Manage Resources in Kubernetes

Kubernetes is a great tool but it also has a steep learning curve. Today, I want to talk about how to limit the resources a container can use and how containers can request a minimum of resources on a node in the Kubernetes cluster.

This post is part of “Microservice Series - From Zero to Hero”.

Resource Requests vs. Resource Limits

Resource requests describe how many resources, for example, CPU or RAM a node has to have. If a node doesn’t satisfy the requests of the container, the container (more precisely the pod) won’t be scheduled on it. If no node satisfies the request in your cluster, the pod won’t be scheduled at all.

Resource limits describe how many resources, for example, CPU or RAM, a pod can use. For example, if the resource limit is set to 512MB RAM, the pod can only use 512 MB of RAM, even if it needs more, it won’t get more. This is important to prevent a pod go haywire and using all the resources of your node. Additionally, without a resource limit set, Kubernetes can’t perform auto-scaling of your pods. I will describe how auto-scaling using the horizontal pod autoscaler works in my next post, Auto-scale in Kubernetes using the Horizontal Pod Autoscaler.

Pods are the smallest unit that can be created in Kubernetes. If a pod contains multiple containers, the resource requests of all containers are added up for the pod. Then Kubernetes checks where and whether it can schedule the pod. The resource limit can never be lower than the resource request. If you do so, Kubernetes won’t be able to start the pod.

Resource and request limits can be set on a container or namespace level. In this post, I will only demonstrate the container-level approach. The namespace level approach works the same way though.

Units for Resource Requests and Limits

CPU resources are defined in millicores.
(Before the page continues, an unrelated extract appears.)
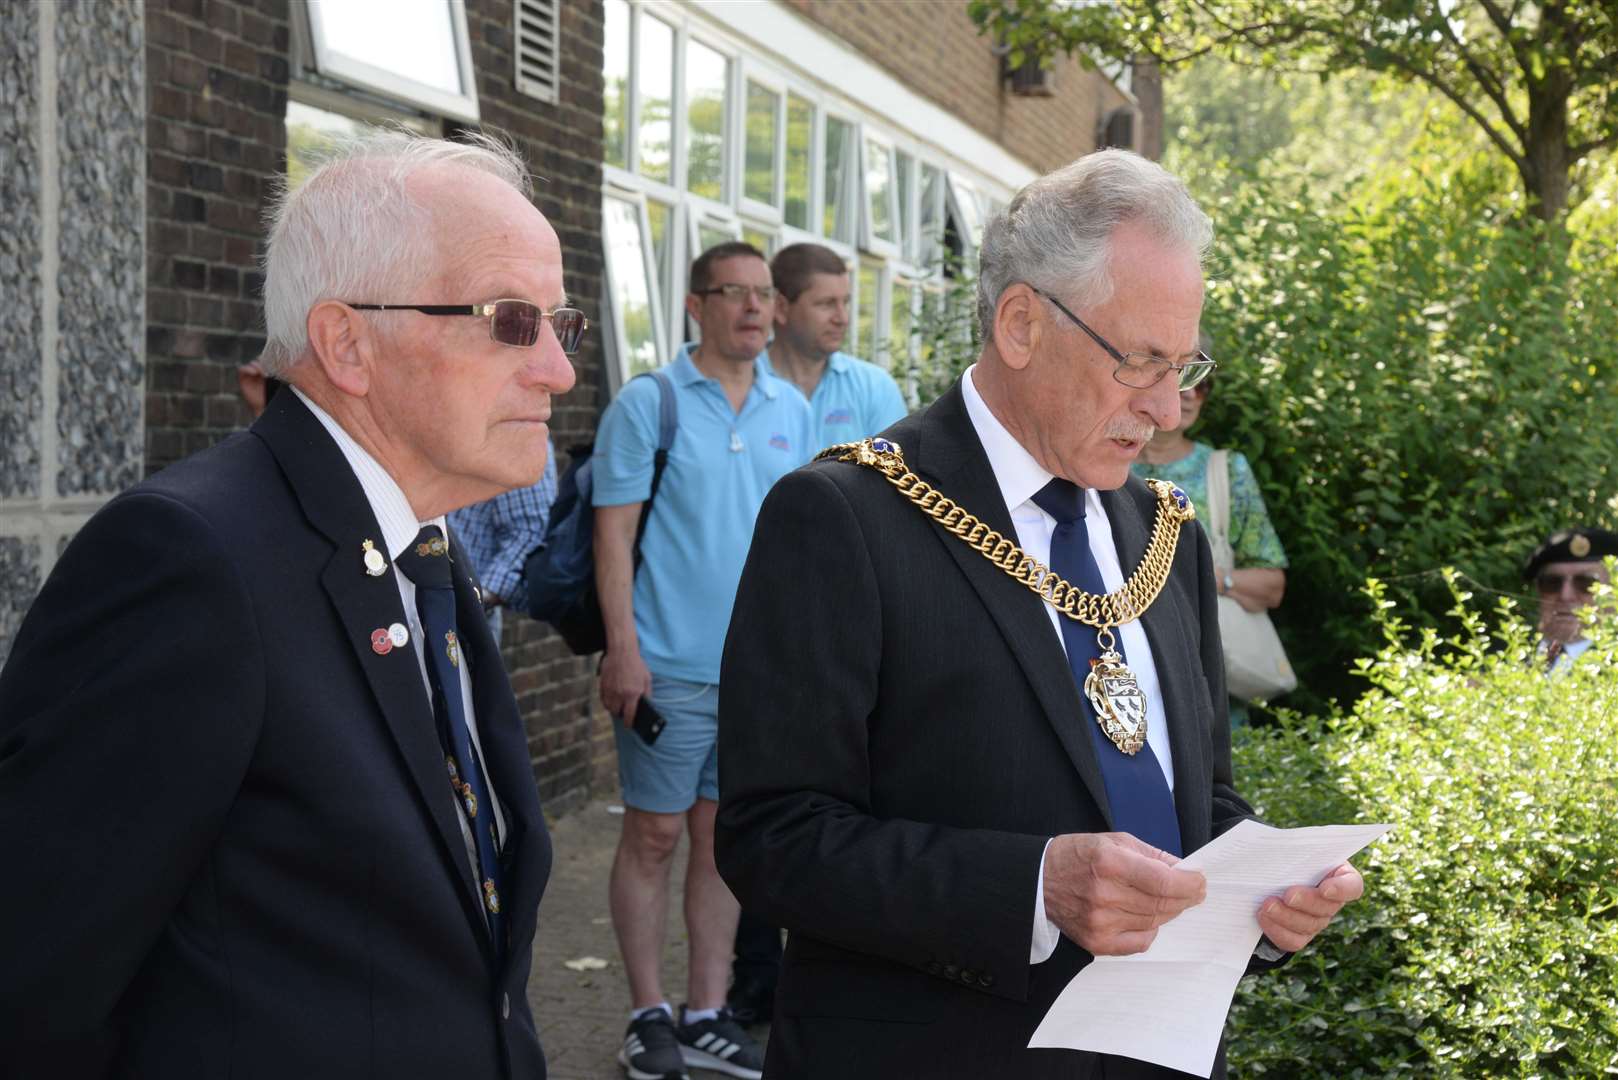 Gerry Ferrett with Lord Mayor Cllr Terry Westgate speaking after the Armed Forces Day flag was raised at Canterbury Fire Station on Saturday. Picture: Chris Davey. (13154131)

If your container needs half a CPU core, you can define it as 500m or 0.5. You will later see that Kubernetes converts 0.5 to 500m. Make sure to never request more CPU cores than your biggest node has. Otherwise, Kubernetes won’t be able to schedule your pod. It is a best practice to use 1 CPU core (1000m) or less for your pod except if you have a specific use case where your application can use more than one CPU core. It is usually more effective to scale out (create more pods) rather than use more CPU power.
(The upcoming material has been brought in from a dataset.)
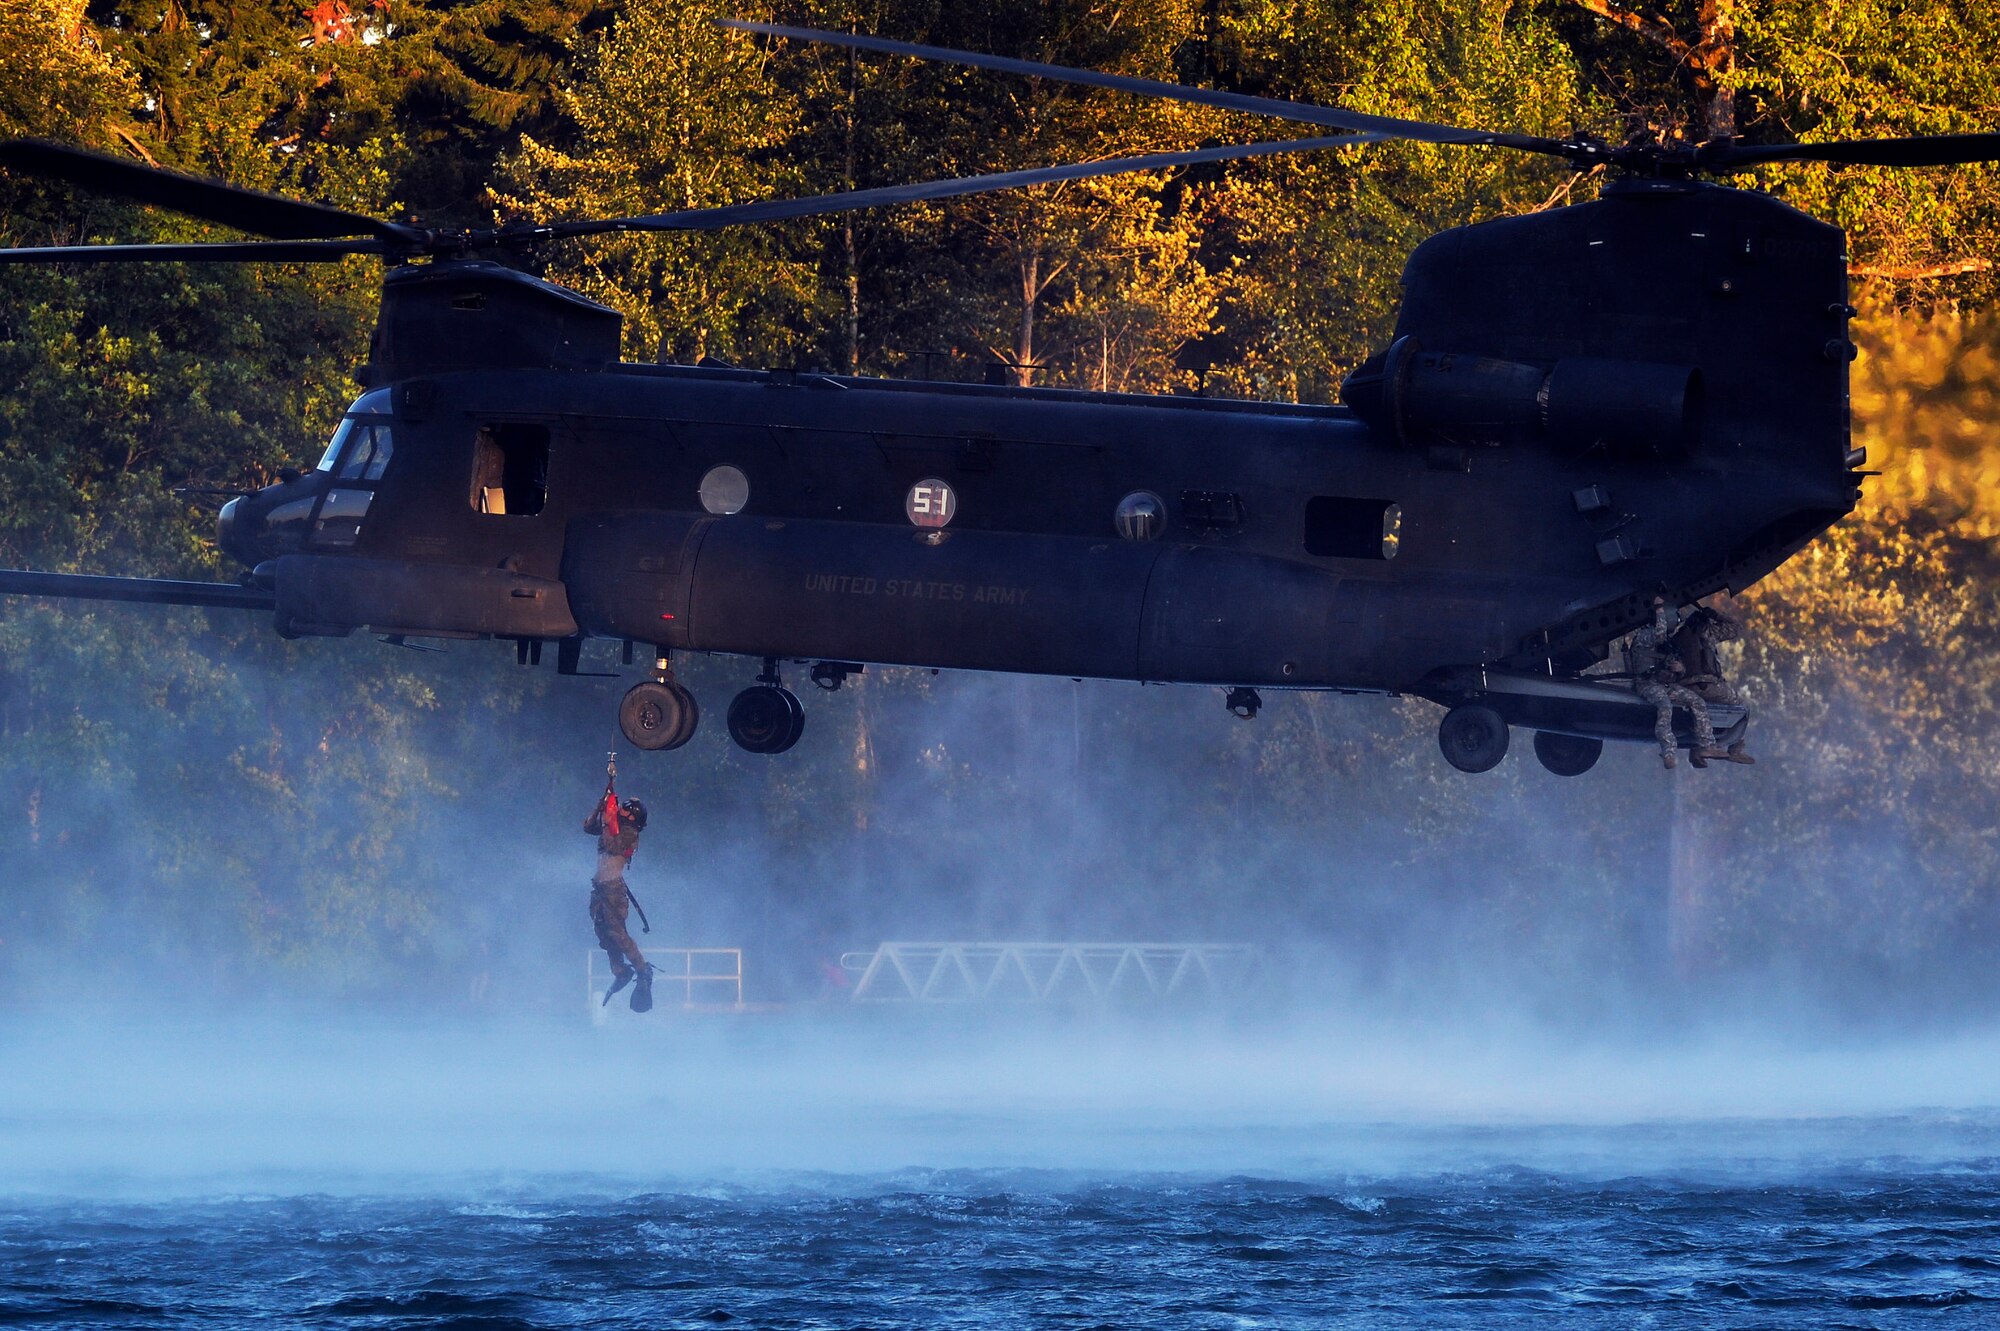 An Airman from the 22nd Special Tactics Squadron’s Red Team is hoisted up to an MH-47 Chinook helicopter July 14, 2014, during helocast alternate insertion and extraction training with Soldiers from the 160th Special Operations Aviation Regiment at American Lake on Joint Base Lewis-McChord, Wash. The 22nd STS Airmen took part in joint operations with the 160th SOAR assisting their Soldiers in upgrade helocast and hoist training. (U.S. Air Force photo/Staff Sgt.Russ Jackson)

When your pod hits the CPU limit, Kubernetes will throttle the pod. This means that it restricts the CPU the pod can use. This may lead to worse performance of your application, but it prevents it from being evicted.

Memory is defined in bytes. The default value is mebibyte which equals more or less a megabyte. You can configure anything from bytes up to petabytes. If you request more RAM than your biggest node has, Kubernetes will never schedule your pod.

Unlike the CPU limit, when you hit the RAM limit, Kubernetes won’t be able to throttle the memory usage of the container. Instead, it will terminate the pod. If the pod is managed by a controller like a DeamonSet or Deployment, the controller will tell Kubernetes to create a new pod to replace the terminated one.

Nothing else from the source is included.